I found this article extremely interesting as it focuses on one of the fundamental underlying problems that we have in our society today. Violence in crime.

Albeker analyses the violence in the crime in SA, and tries to get to a root cause for it. I believe this to be a good approach to solving anything - find the underlying reasons, sort it out and the problem will go away.

There is, in relation to the inequality-causes-crime argument, an even more serious problem. This is that a large body of economic thinking suggests that the widening of inequality is one of the inevitable by-products of rapid economic growth in developing countries. There is no universal consensus on this, but if inequality really does tend to widen as economies expand, then we had better hope that it is not the principal reason we’re so violent because it isn’t going to get better soon.
extract from Antony Altbeker’s new book, A Country at War with Itself taken from M&G atrticle 25 sept.
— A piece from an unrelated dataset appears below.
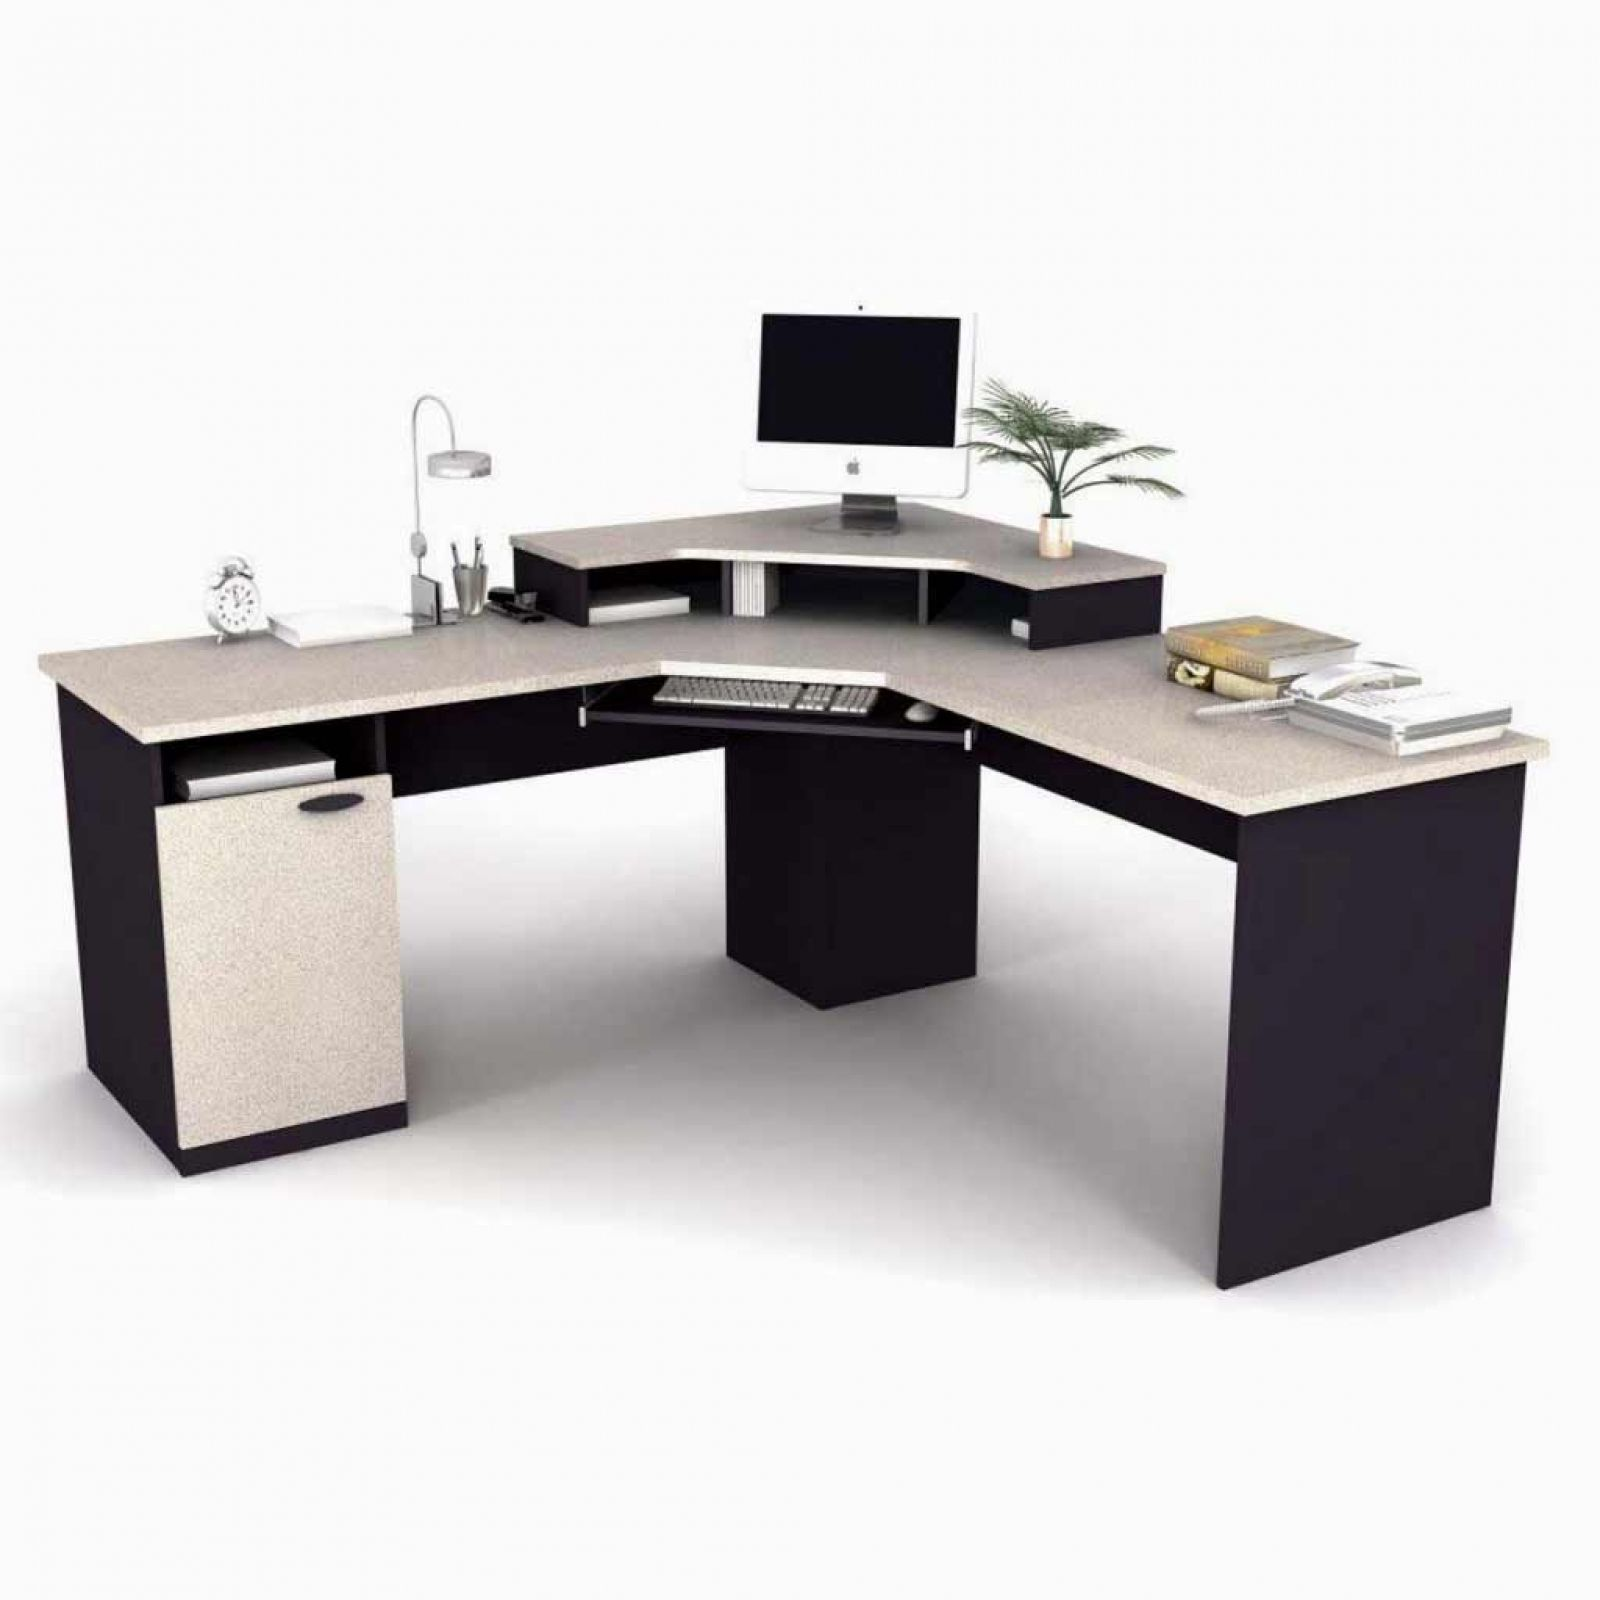 27+ DIY Computer Desk Ideas U0026 Tutorials For Home Office Tags: Computer Desk  Ideas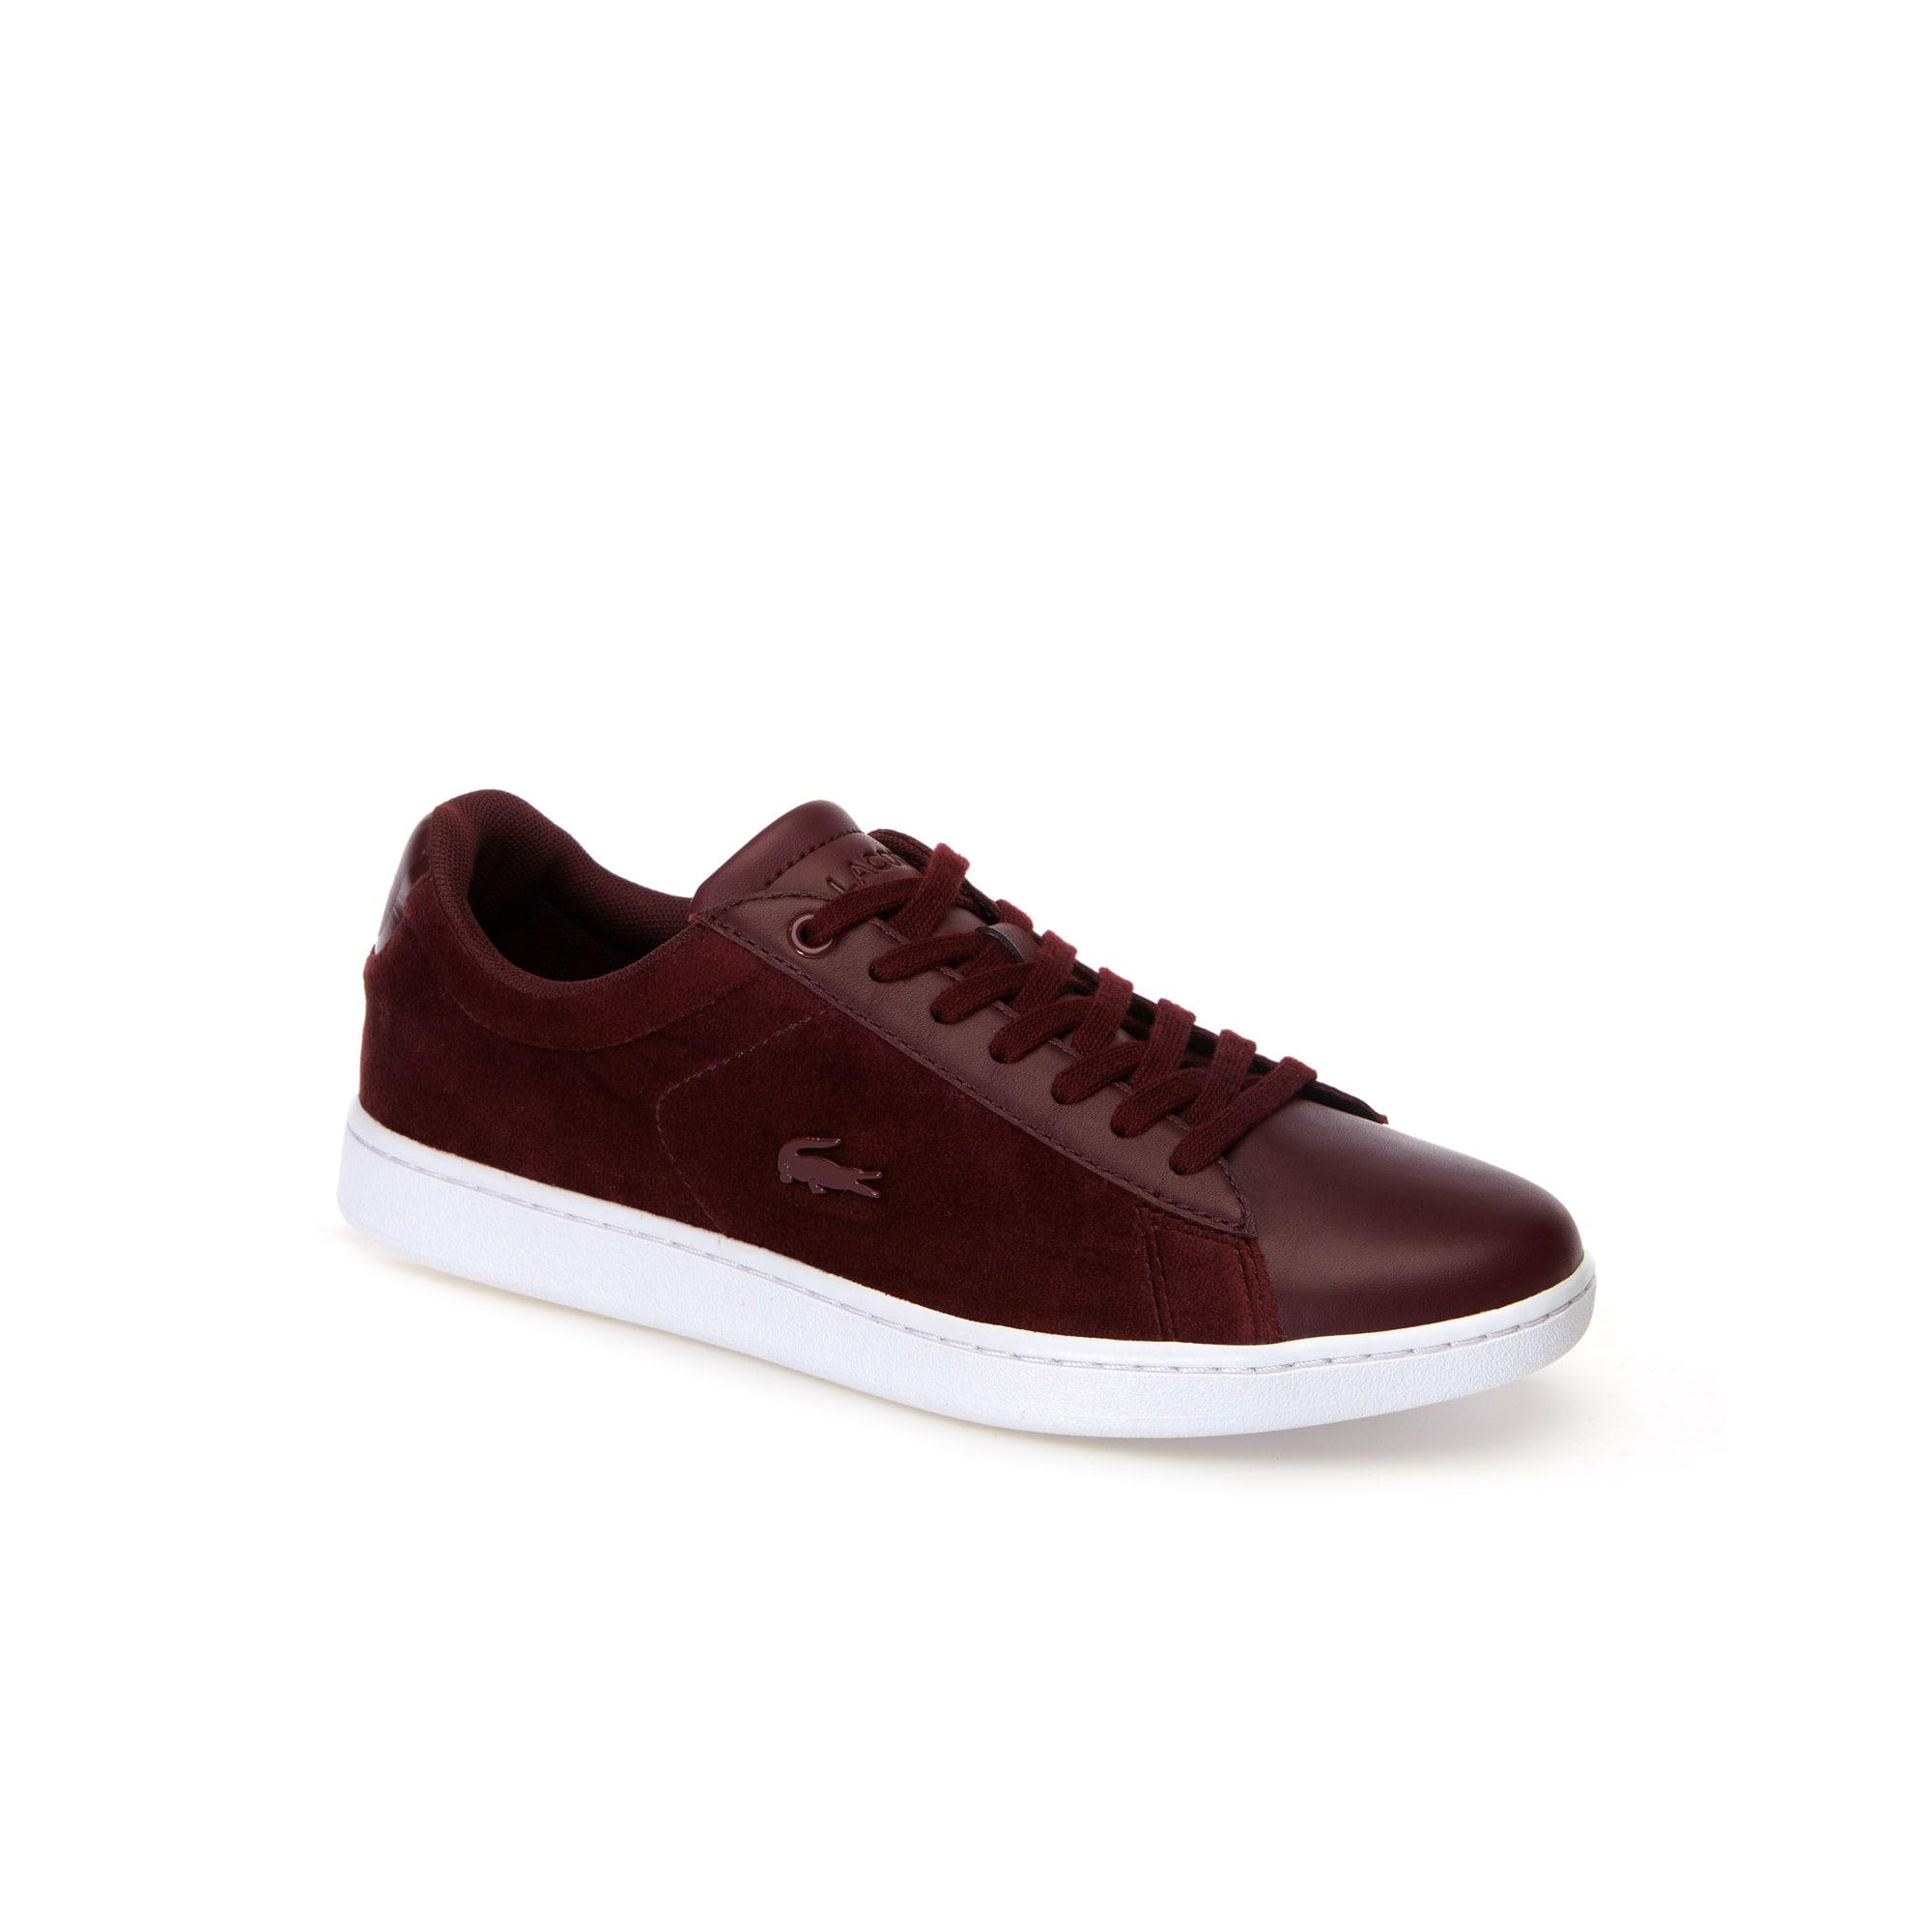 Sneakers Carnaby Evo femme en velours et cuir

He compares our situation with others around the world seems to come to a thought that says we are not different as we believe we are -
One reason the apartheid-did-it explanation doesn’t completely satisfy is that South Africans are not unique in the world in having gone through long periods of disenfranchisement, oppression and collective violence.
pretty much every nation on the planet outside North America spent some portion of the 20th century on its knees, the victim of catastrophic violence directed either by local tyrants or by foreign overlords.

And yet only a handful has levels of violence that even approach ours.
Thought provoking stuff - what causes the violence?
  • Our history
  • Poverty
  • Hopelessness/humiliation
  • Inequality
  • Resentment

These are crime related, sure - but violence in the crime?